Problem: Claude Desktop has a hard-coded 4-minute timeout that causes long conda operations (installing ML frameworks, resolving dependencies) to fail, even though the operation continues in the background.

Solution: Implement MCP Tasks feature (native to MCP spec) to support long-running operations with progress tracking.

Impact: Currently blocks Claude Desktop usage for realistic data science workflows.


Context

I'm developing demos for anaconda-mcp targeting different audiences:

  • Claude Code: Developers/data scientists (primary)
  • Claude Desktop: Non-technical users, students, educators (secondary)

Why Claude Desktop matters: It significantly expands the potential user base by providing a GUI-based approach for users who aren't comfortable with terminal tools. This is particularly valuable for onboarding, education, and demonstrations.

However, Claude Desktop's 4-minute timeout makes it unsuitable for realistic conda operations.


Description

Problem

When creating large conda environments through Claude Desktop using anaconda-mcp, operations frequently time out. When this happens, Claude receives no response and falls back to providing manual instructions instead of completing the environment creation.

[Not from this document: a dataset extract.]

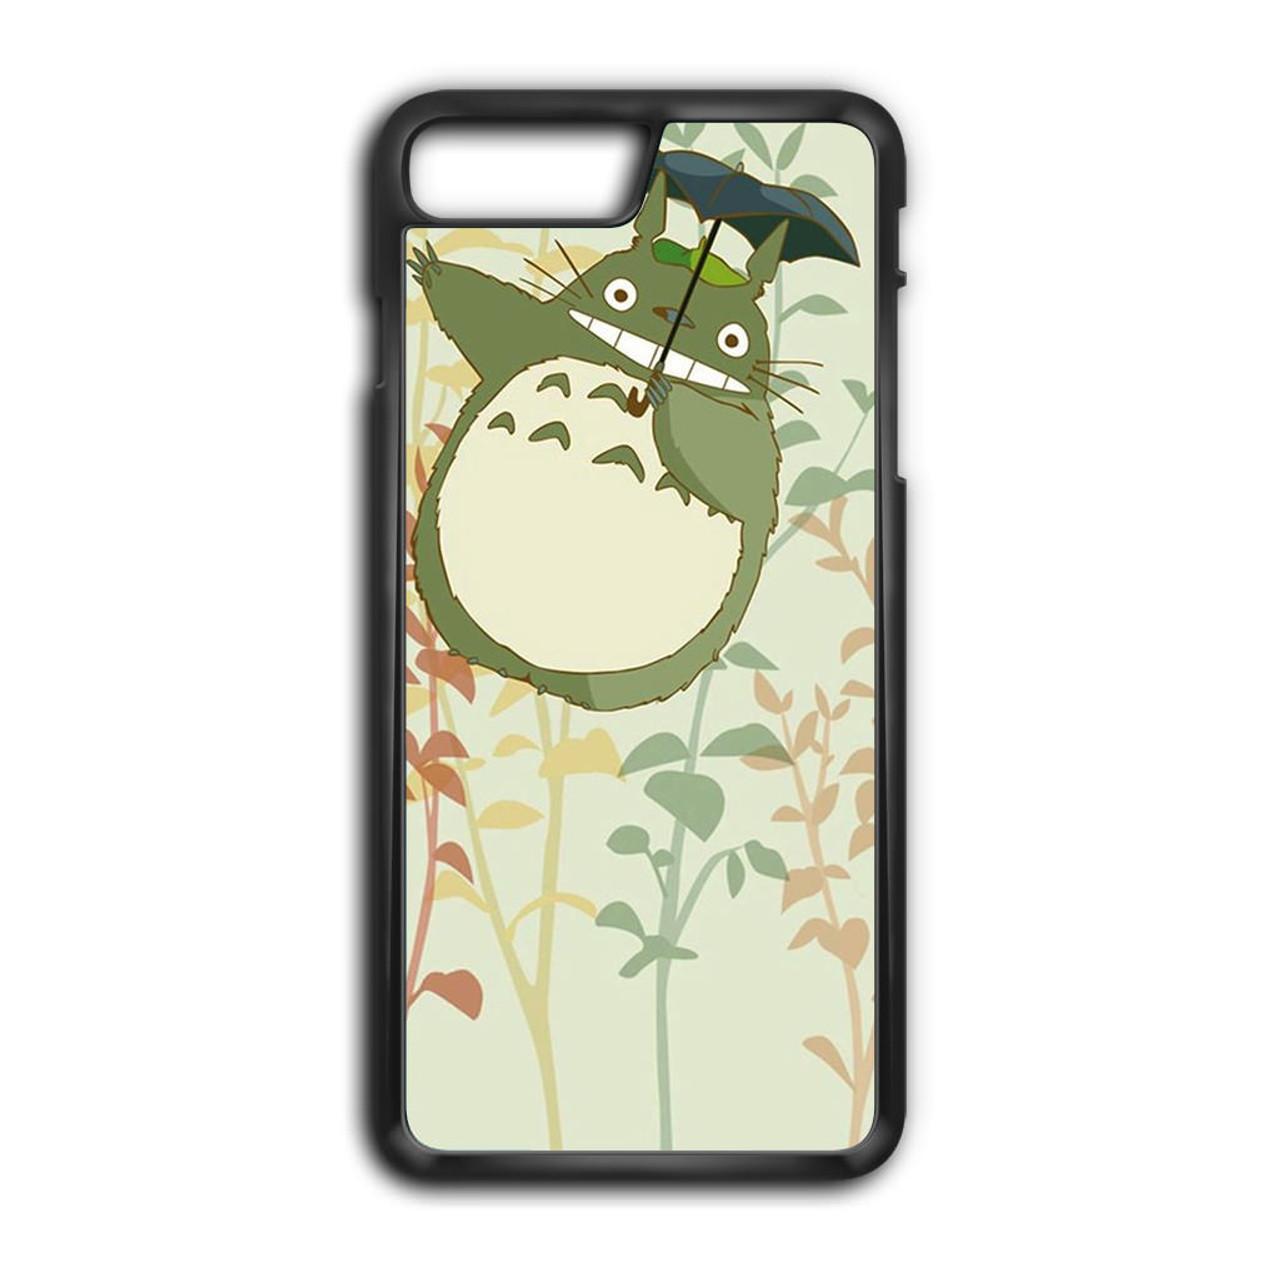 new concept a3356 ad5e1 My Neighbor Totoro Cute iPhone 7 Plus Case

Real example: https://claude.ai/share/10ba626f-467c-40ff-8829-7c1669cbabfc

This creates a confusing user experience where:

  • Small environments work perfectly
  • Large environments appear to "fail" silently
  • Users don't understand why the AI can't complete the task
  • The actual conda create command may still be running in the background

Steps to Reproduce

Confirmed reproduction steps from actual usage:

  1. Set up Claude Desktop with anaconda-mcp via conda install
  2. Ask Claude: "List my conda environments" → ✅ Works (< 1 second)
  3. Ask Claude: "Create an environment with pytorch, polars, and jupyterlab" → ✅ Works (2min 35sec)
  4. Ask Claude: "Add transformers to the torch-polars environment" → ❌ Timeout after exactly 4 minutes

Result: Claude returns: "The request timed out" with manual instructions

Root Cause

There are TWO timeout layers:

Layer 1: Claude Desktop → anaconda-mcp (THE ACTUAL PROBLEM)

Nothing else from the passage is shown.